A practical workflow:

Observation	Diagnosis	Possible action
Train loss high, val loss high	Underfitting	Larger model, train longer, tune optimizer
Train loss low, val loss high	Overfitting	More data, regularization, augmentation
Train loss decreasing, val loss rising	Overfitting during training	Early stopping
Train and val both unstable	Optimization or data issue	Lower learning rate, inspect data
Test much worse than val	Validation overuse or distribution shift	Rebuild split, audit leakage
Train loss fails immediately	Implementation bug	Check labels, shapes, loss, dtype

The first response to poor performance should be measurement, not guessing. Plot curves. Inspect examples. Compare train and validation metrics. Check that the split matches the deployment setting.

PyTorch Evaluation Pattern

A reliable evaluation function avoids training-mode behavior and disables gradient tracking.

import torch

def evaluate(model, dataloader, loss_fn, device):
    model.eval()

    total_loss = 0.0
    total_examples = 0
    correct = 0

    with torch.no_grad():
        for x, y in dataloader:
            x = x.to(device)
            y = y.to(device)

            logits = model(x)
            loss = loss_fn(logits, y)

            batch_size = x.size(0)
            total_loss += loss.item() * batch_size
            total_examples += batch_size

            pred = logits.argmax(dim=-1)
            correct += (pred == y).sum().item()
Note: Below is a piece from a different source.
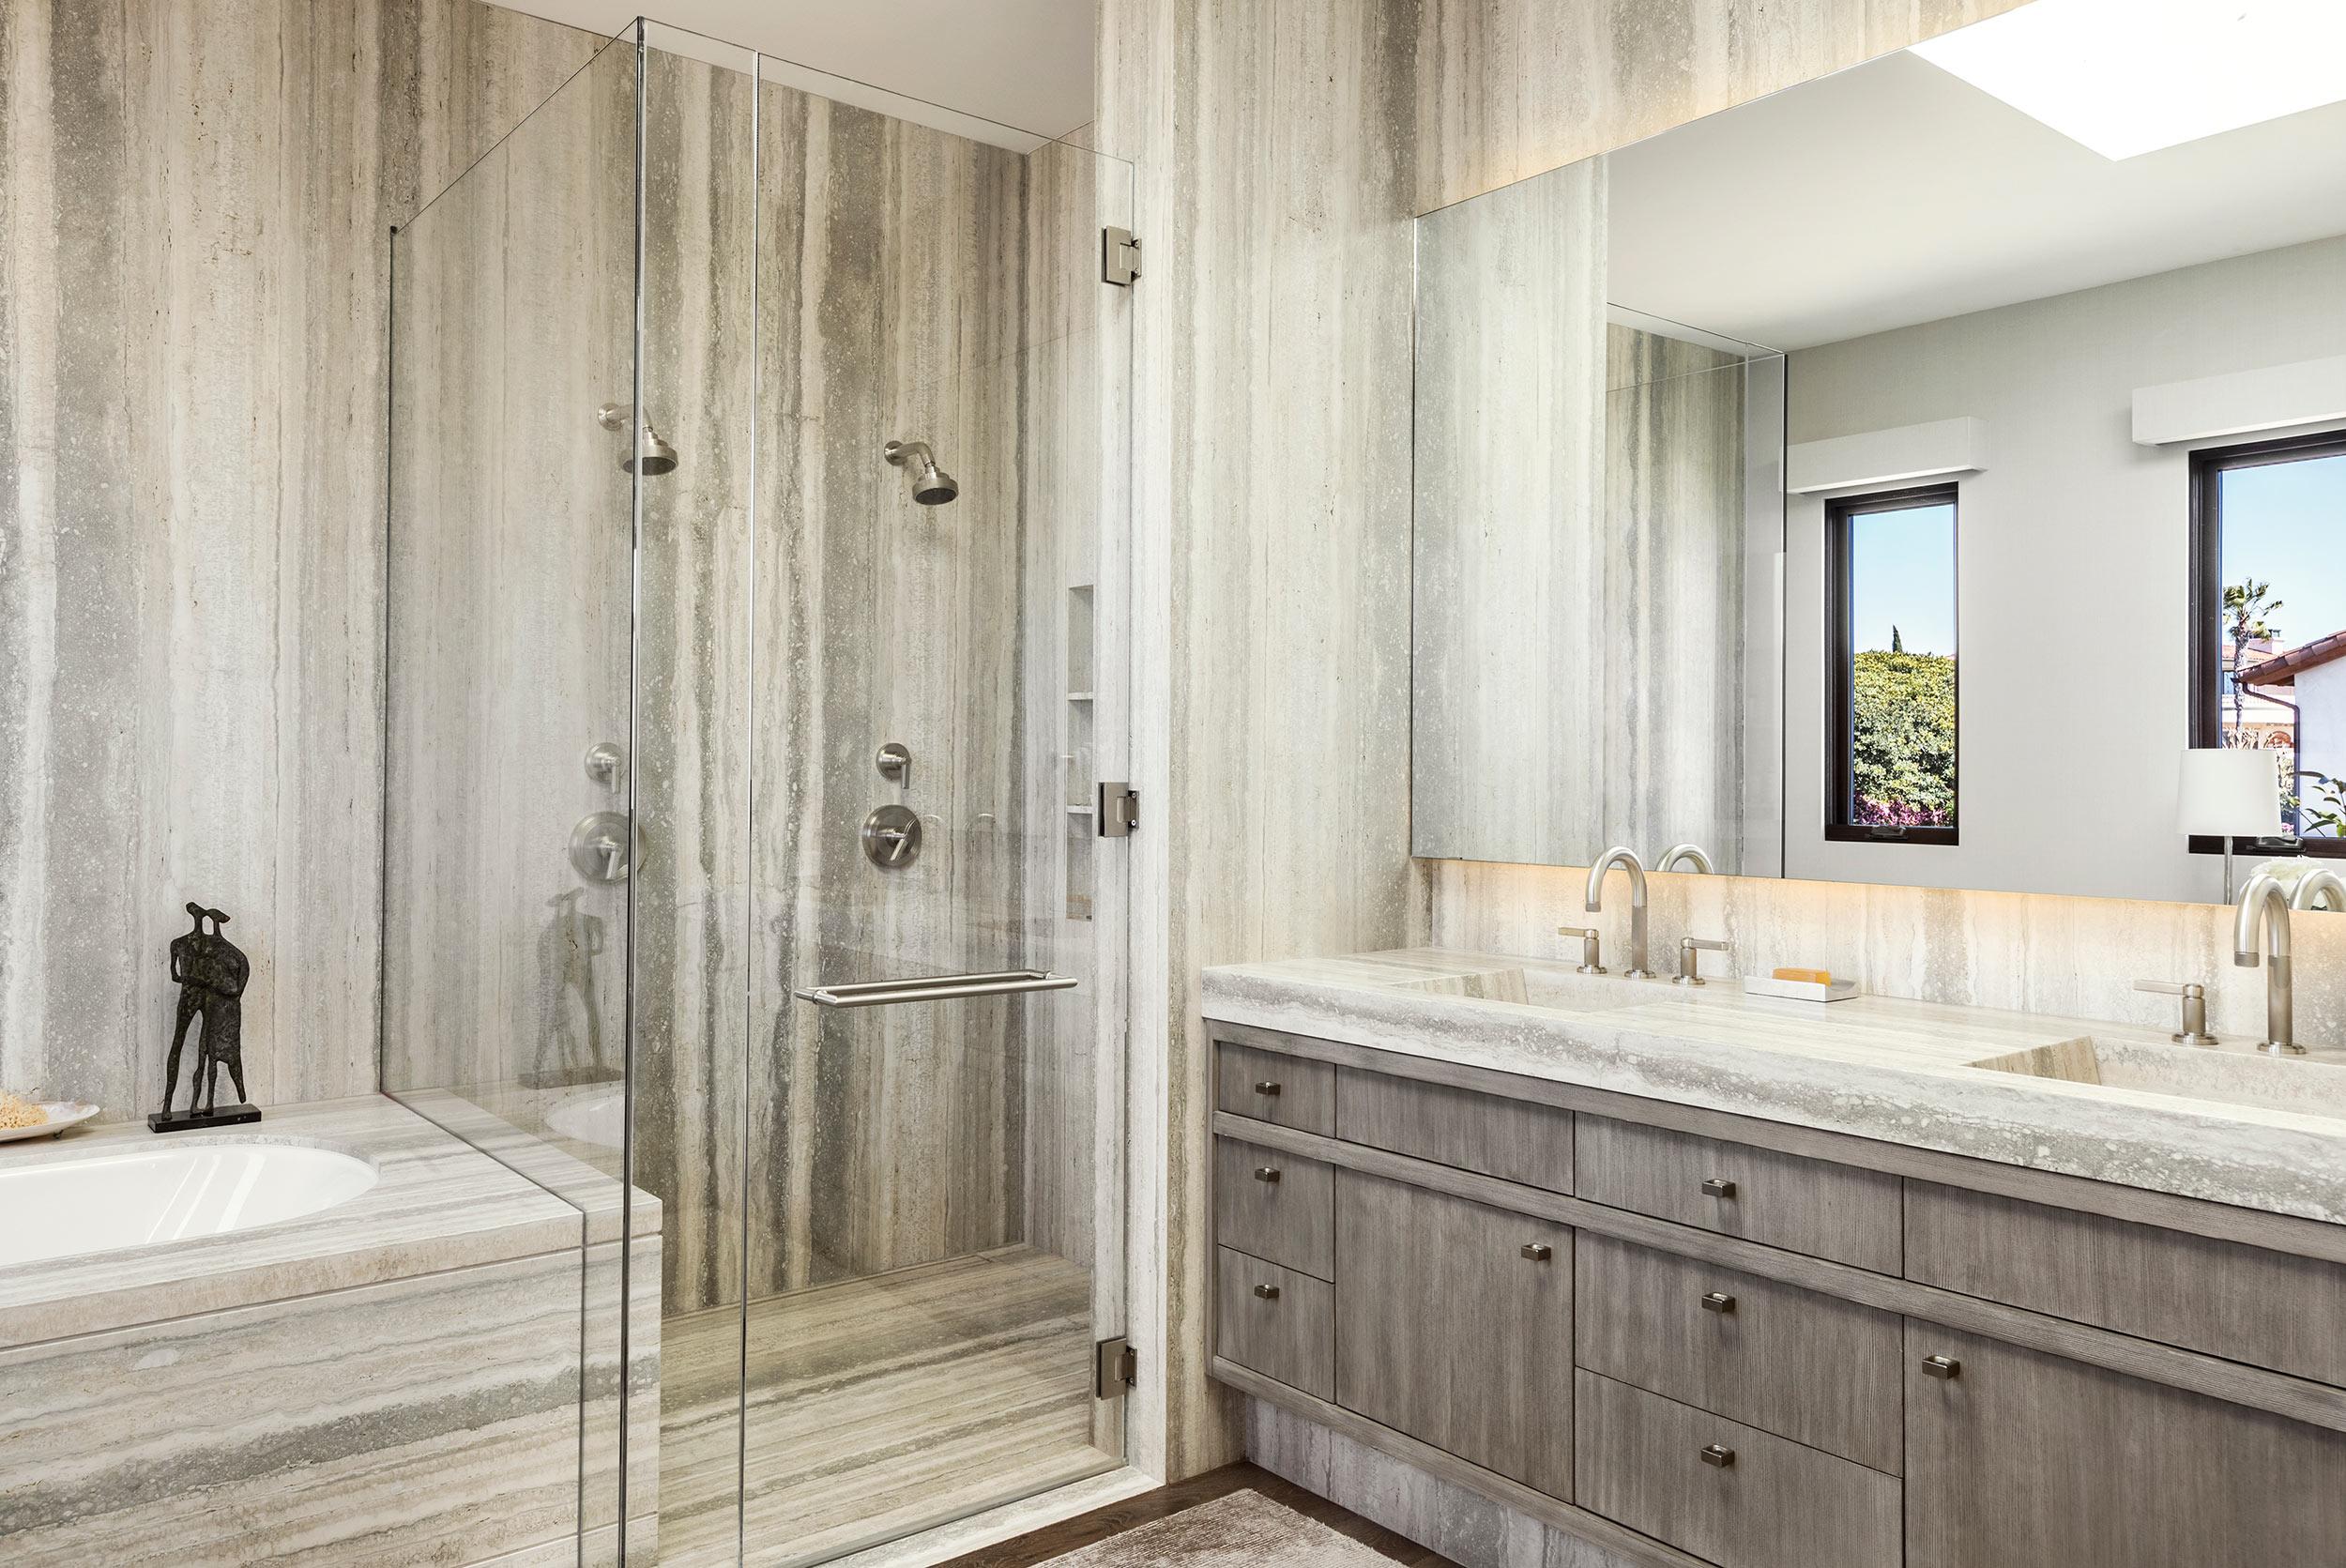 Stone and custom wood millwork shine in this custom master bathroom

    avg_loss = total_loss / total_examples
    accuracy = correct / total_examples

    return avg_loss, accuracy

The call model.eval() matters. Dropout and batch normalization behave differently during training and evaluation. Forgetting this call can produce misleading validation metrics.

Summary

Underfitting means the model learns too little. Training and validation performance are both poor. Overfitting means the model learns the training set too specifically. Training performance is strong, but validation performance is weak.

Reducing underfitting usually requires more capacity, better optimization, better features, or less regularization. Reducing overfitting usually requires more data, stronger regularization, better augmentation, early stopping, cleaner labels, or improved data splits.

Training and validation curves give the clearest first diagnosis.